BEGIN

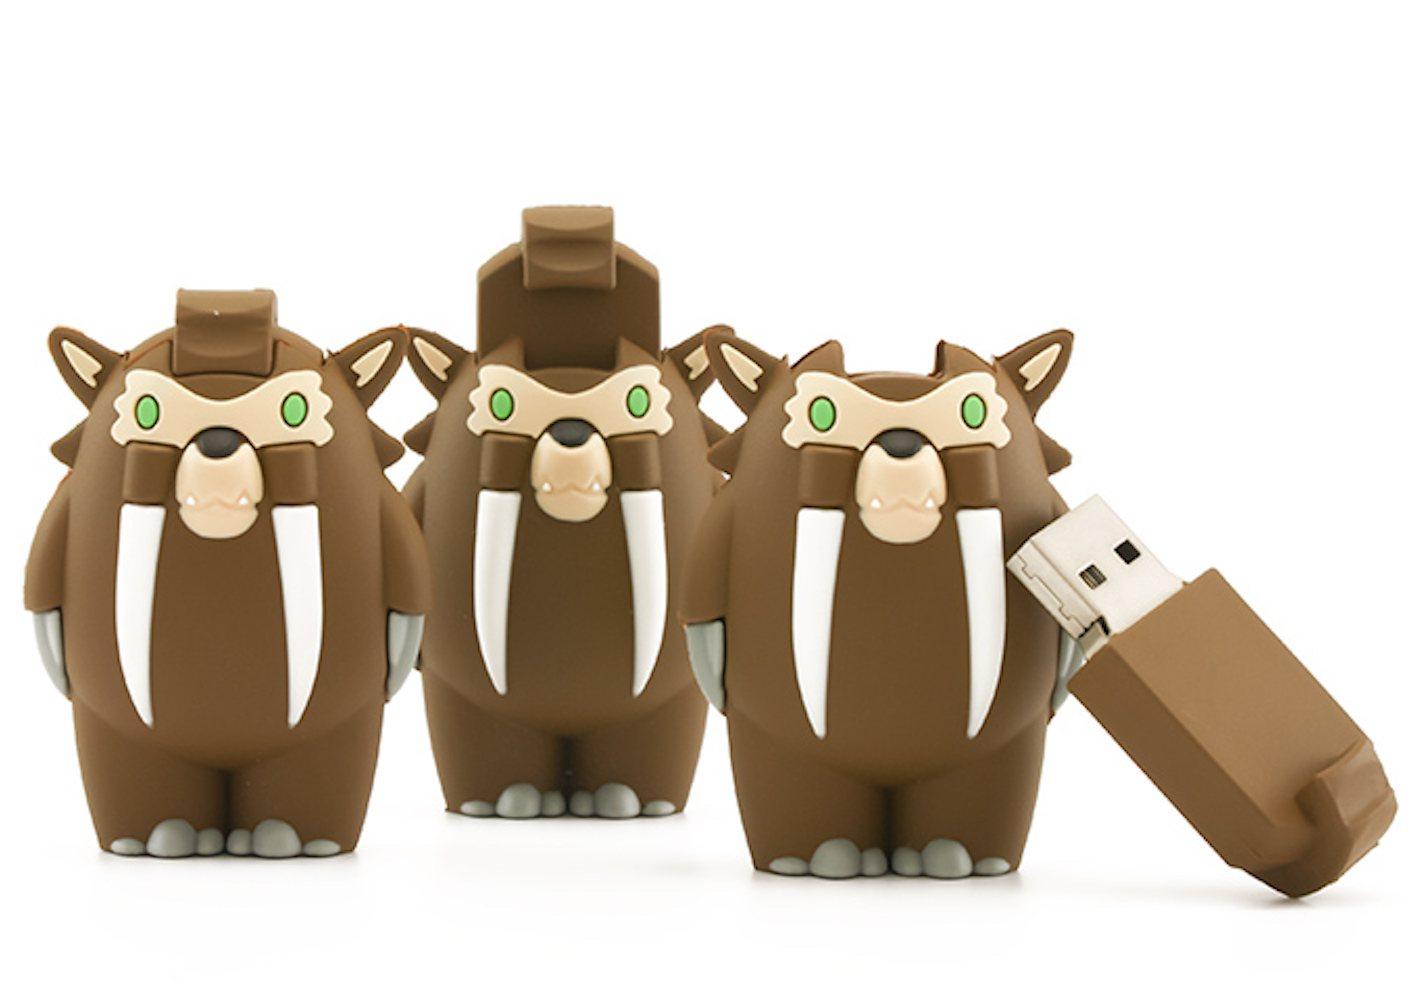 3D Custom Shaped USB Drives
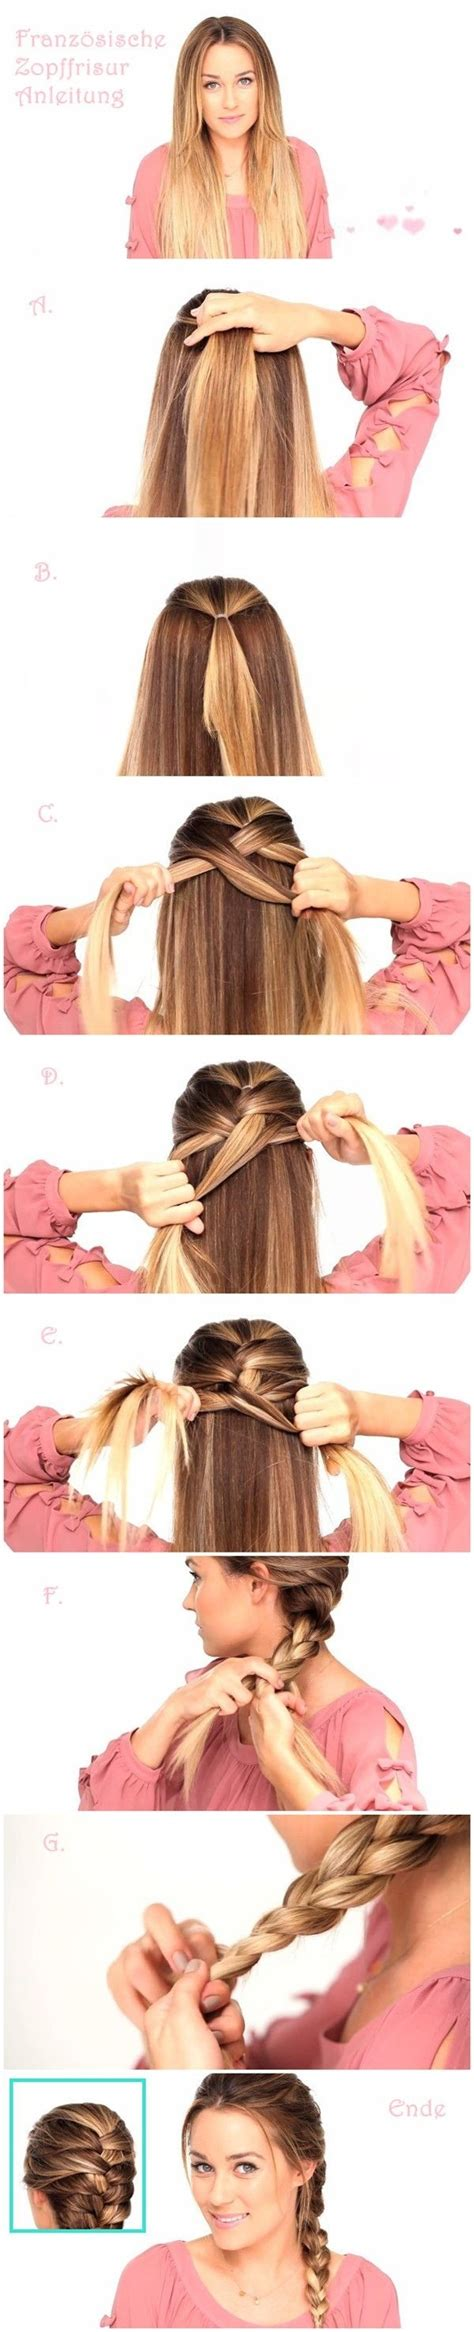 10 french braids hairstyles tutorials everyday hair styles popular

END
BEGIN

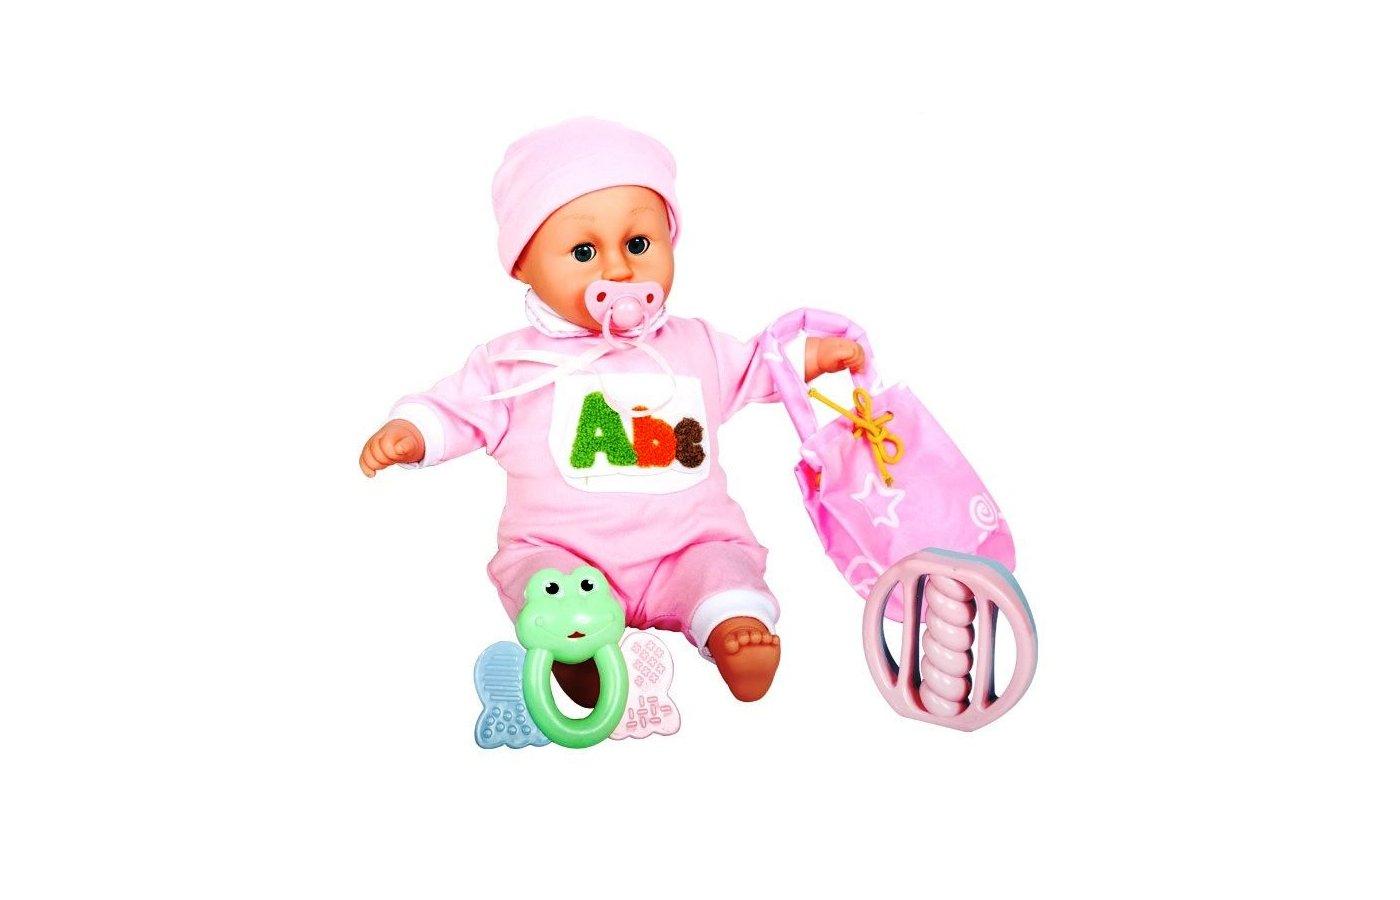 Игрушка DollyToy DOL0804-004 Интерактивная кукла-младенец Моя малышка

END
BEGIN

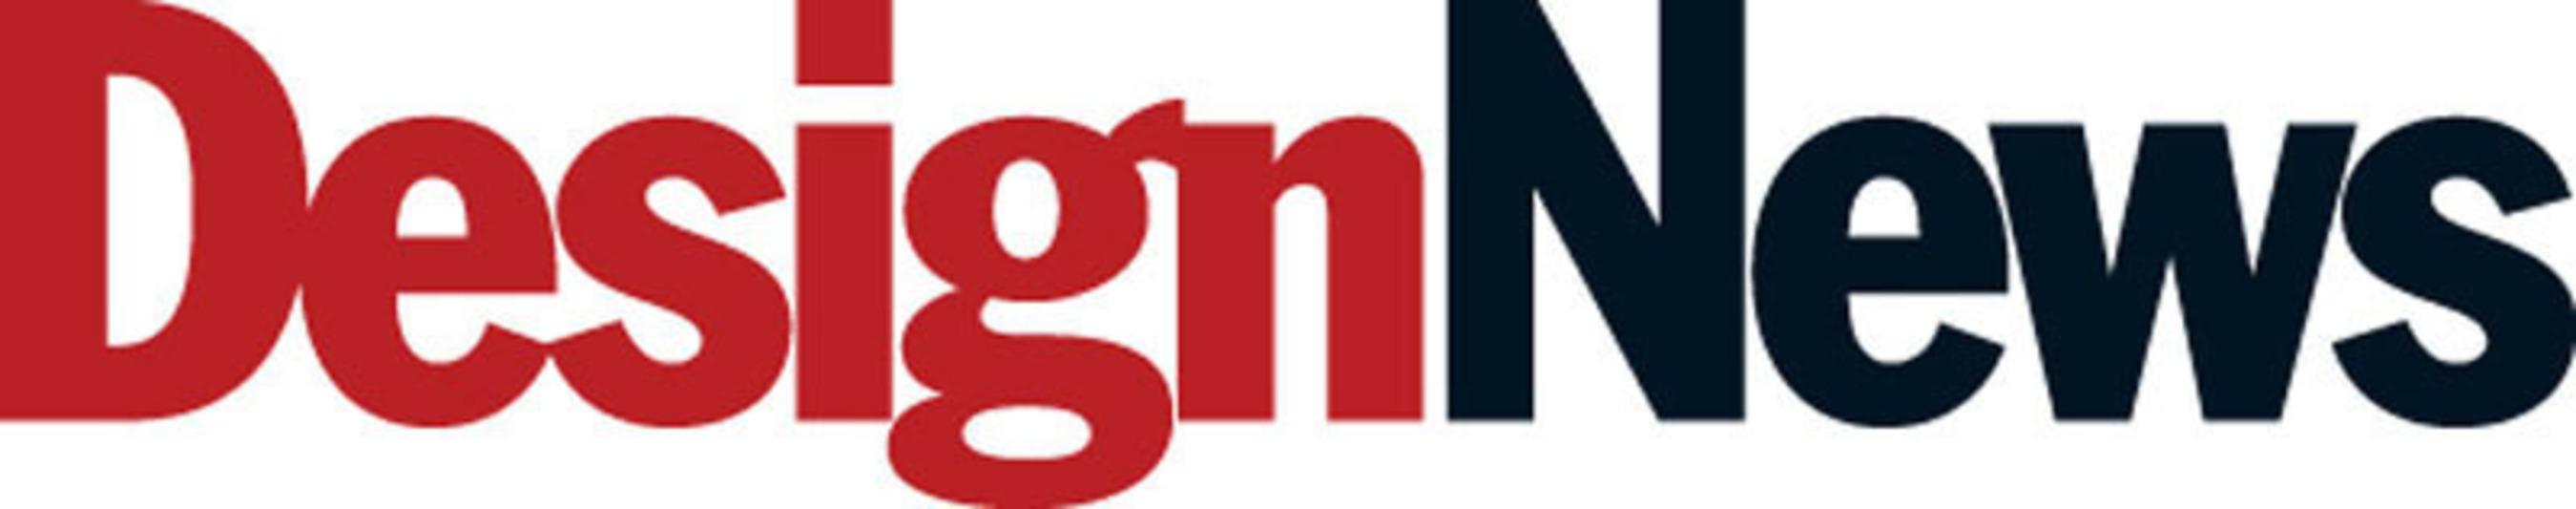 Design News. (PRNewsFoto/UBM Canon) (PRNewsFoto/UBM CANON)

END

**REQUIREMENT**: Taking the entries above, extract every line from the one bearing "3D Custom Shaped USB Drives" through the one bearing "10 french braids", exactly, with no pictures.

**ANSWER TO THIS PROBLEM**:
 3D Custom Shaped USB Drives
 10 french braids hairstyles tutorials everyday hair styles popular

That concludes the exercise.